Index

 08 September 2009

 
Financial sector in urgent need of reform: Sri Mulyani
Jakarta

Governments urgently need to improve the regulatory framework and supervision of the financial sector, a minister says, as loopholes in the financial services industry led to the global economic crisis.

During the G20 meeting that concluded in London last week, Finance Minister Sri Mulyani Indrawati said Monday there should be “significant corrections” to supervision and regulation in the financial sector to avoid the kind of “careless behavior and excessive risk-taking” by those operating in the financial services industry that triggered the economic crisis.

Such behavior has caused governments worldwide to spend taxpayers’ money to bailout failing financial institutions to avoid worsening global economic conditions.

“We realize that regulation and supervision of banks and non-bank financial institutions is really important.

“Players in the financial industry tend to be one step ahead of regulators supervising them,” she told reporters on Monday.

“Indonesia supports this, particularly from the side of capital reserves. A bank’s owner can put a small amount of capital and attract enough funds from the people. Then there may be fraud.

“I think that in Indonesia, the 1997 Asian financial crisis and the Bank Century case have shown that regulations in the banking sector and capital markets should be improved,” she said.

The Deposit Insurance Corporation (LPS) revived Bank Century, which almost collapsed in November last year, by injecting Rp 6.76 trillion in funds, to avoid what the central bank said was a potential systemic threat to the Indonesian economy.

Some analysts and lawmakers have questioned the central bank’s weak supervision of Bank Century, with the Supreme Audit Agency (BPK) now auditing the lender for a possible misuse of state funds.

During the G20 meeting, finance chiefs agreed to force banks to “claw back” cash awards if earnings faltered, to better tie compensation to long-term performance and base pay, to defer payments and to increase the disclosure of payments to bank executives, said a Sept. 5 statement reported by Bloomberg.

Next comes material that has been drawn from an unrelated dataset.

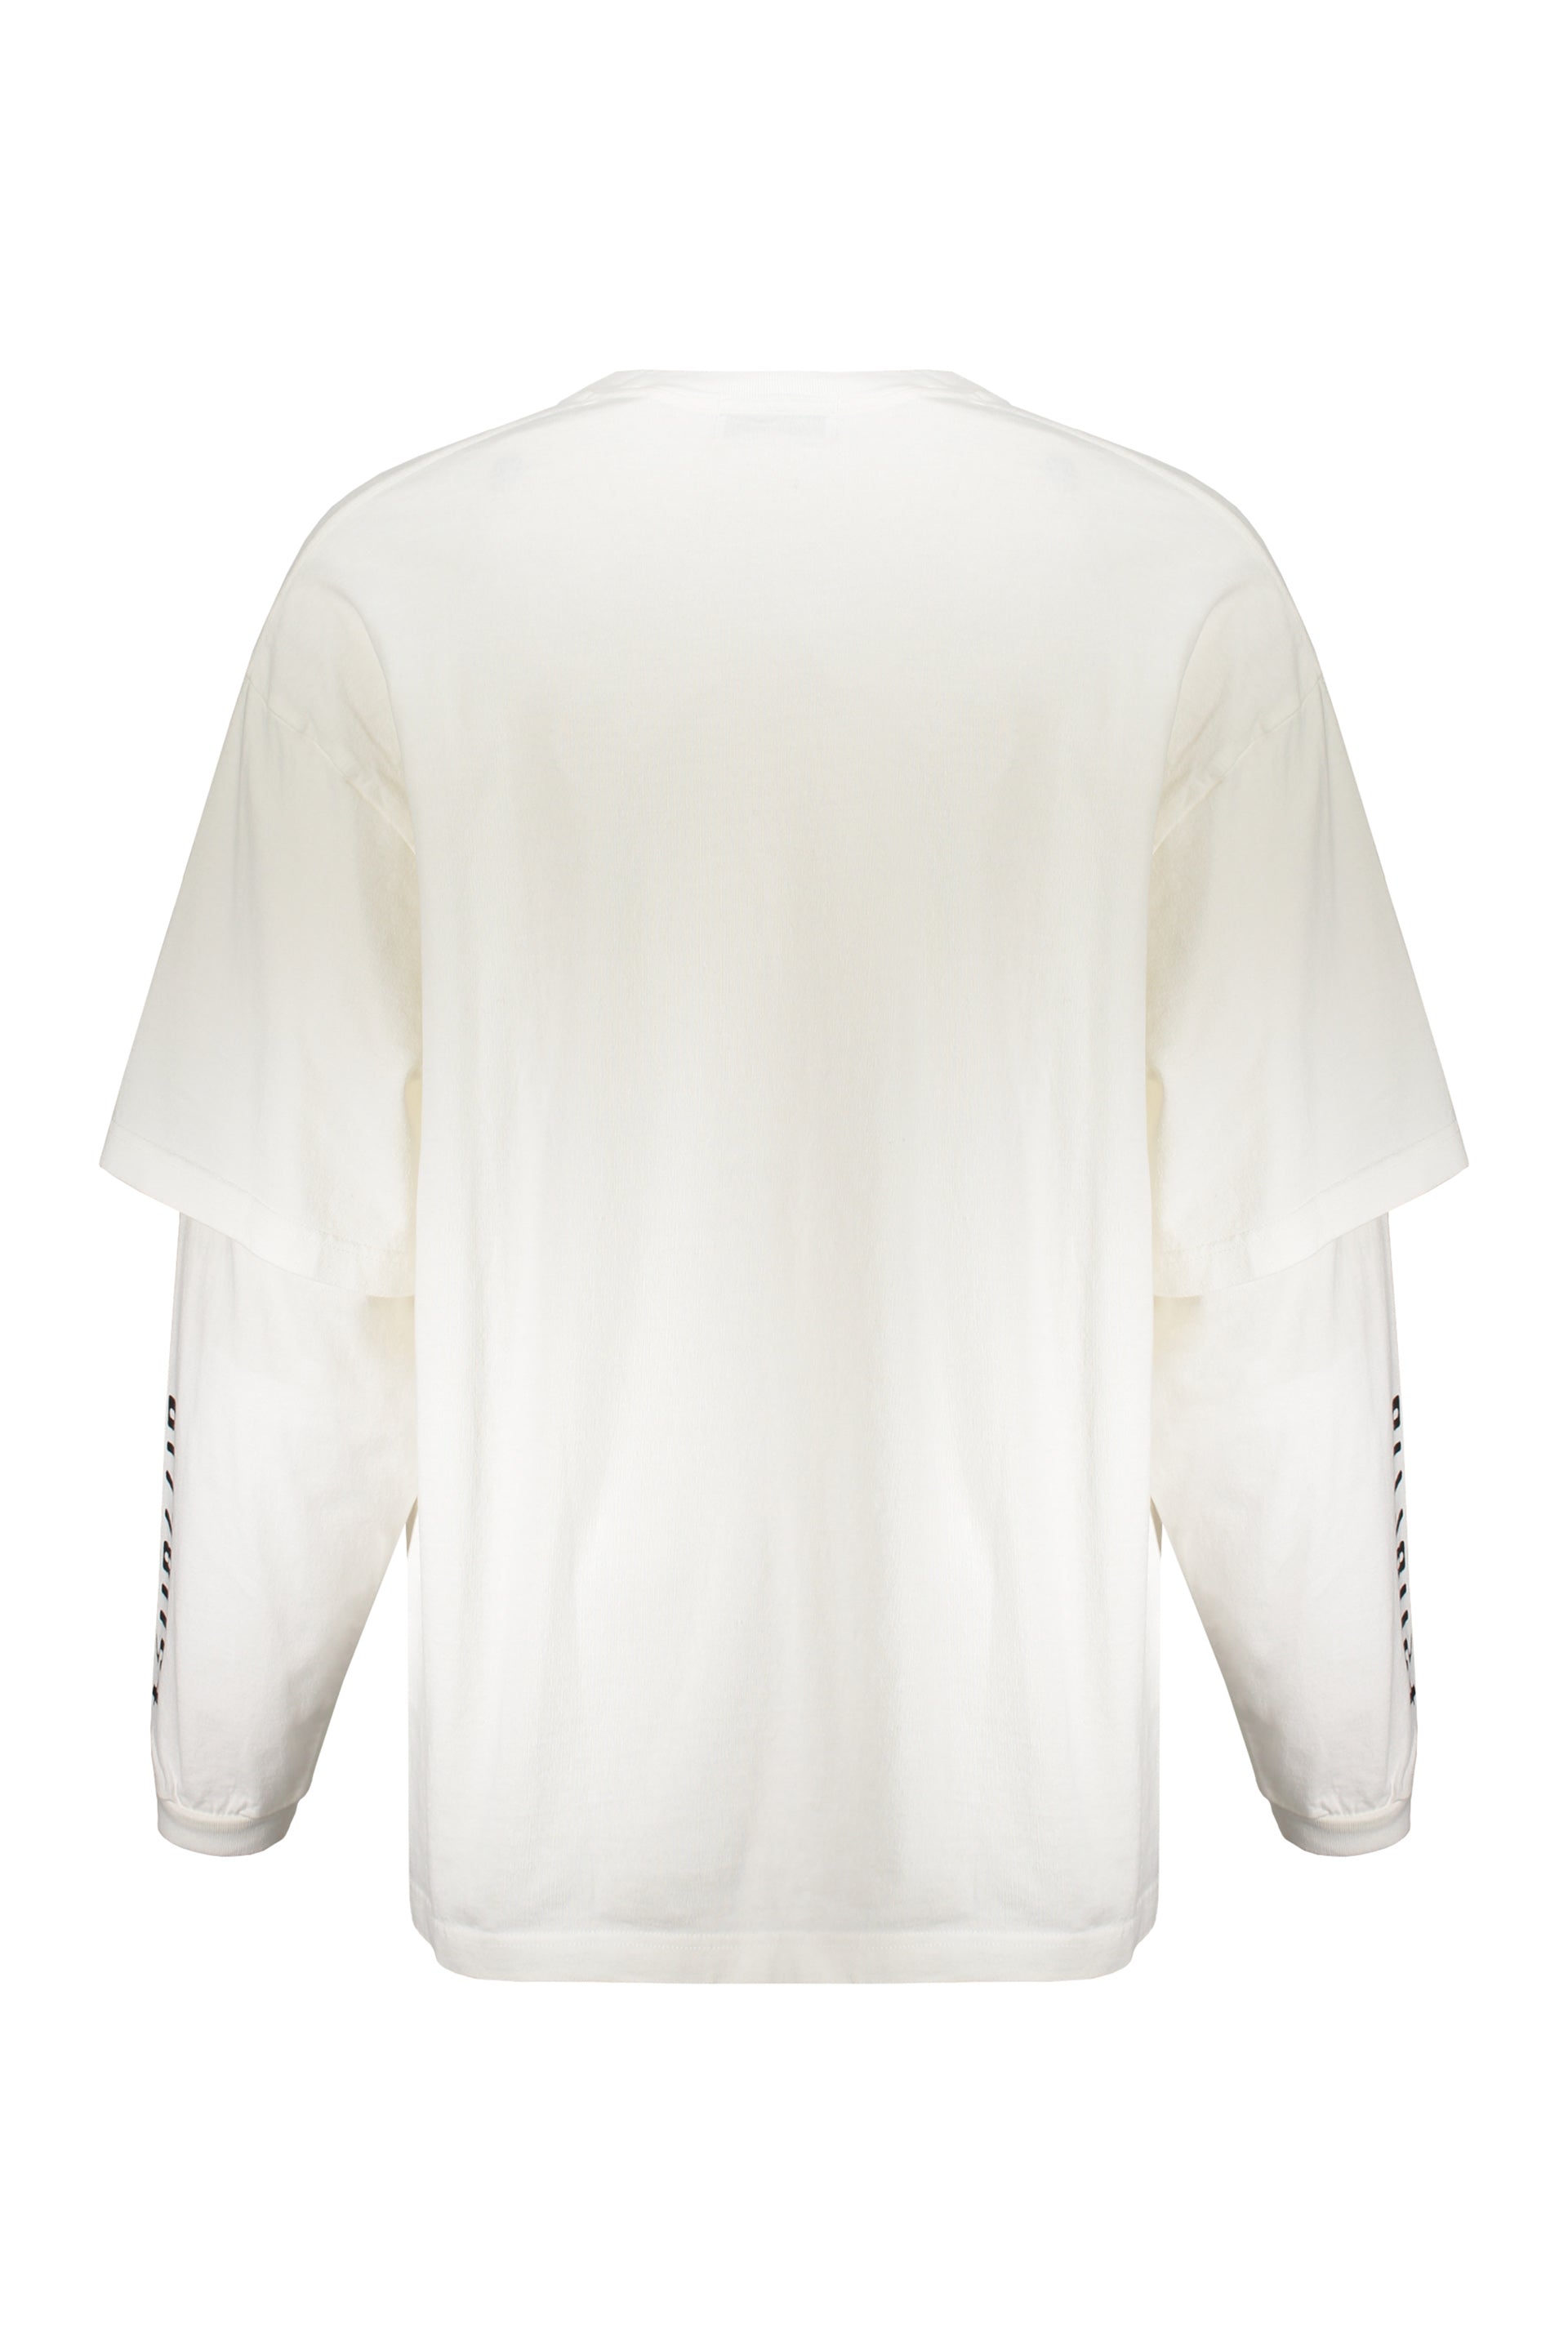 AMBUSH-OUTLET-SALE-Long-sleeve-cotton-t-shirt-Shirts-ARCHIVE-COLLECTION-2.jpg

Banks will also have to curb leverage and raise the amount and quality of assets they keep in reserve once growth takes hold.

The Financial Stability Board (FSB) will determine whether there needs to be a limit on bonuses as a percentage of a bank’s profits to its executives.

“First, regulations need to be perfected. Then the capacity of supervision needs to be improved,” said Mulyani.

She also said there would be a structure and methodology to determine the maximum salary of bank executives.

Critics have said that greed is the main reason behind the financial crisis as bank executives competed to raise profits without good governance.

The G20 summit will be held on Sept. 24 to 25 in Pittsburgh and heads of states are set to attend.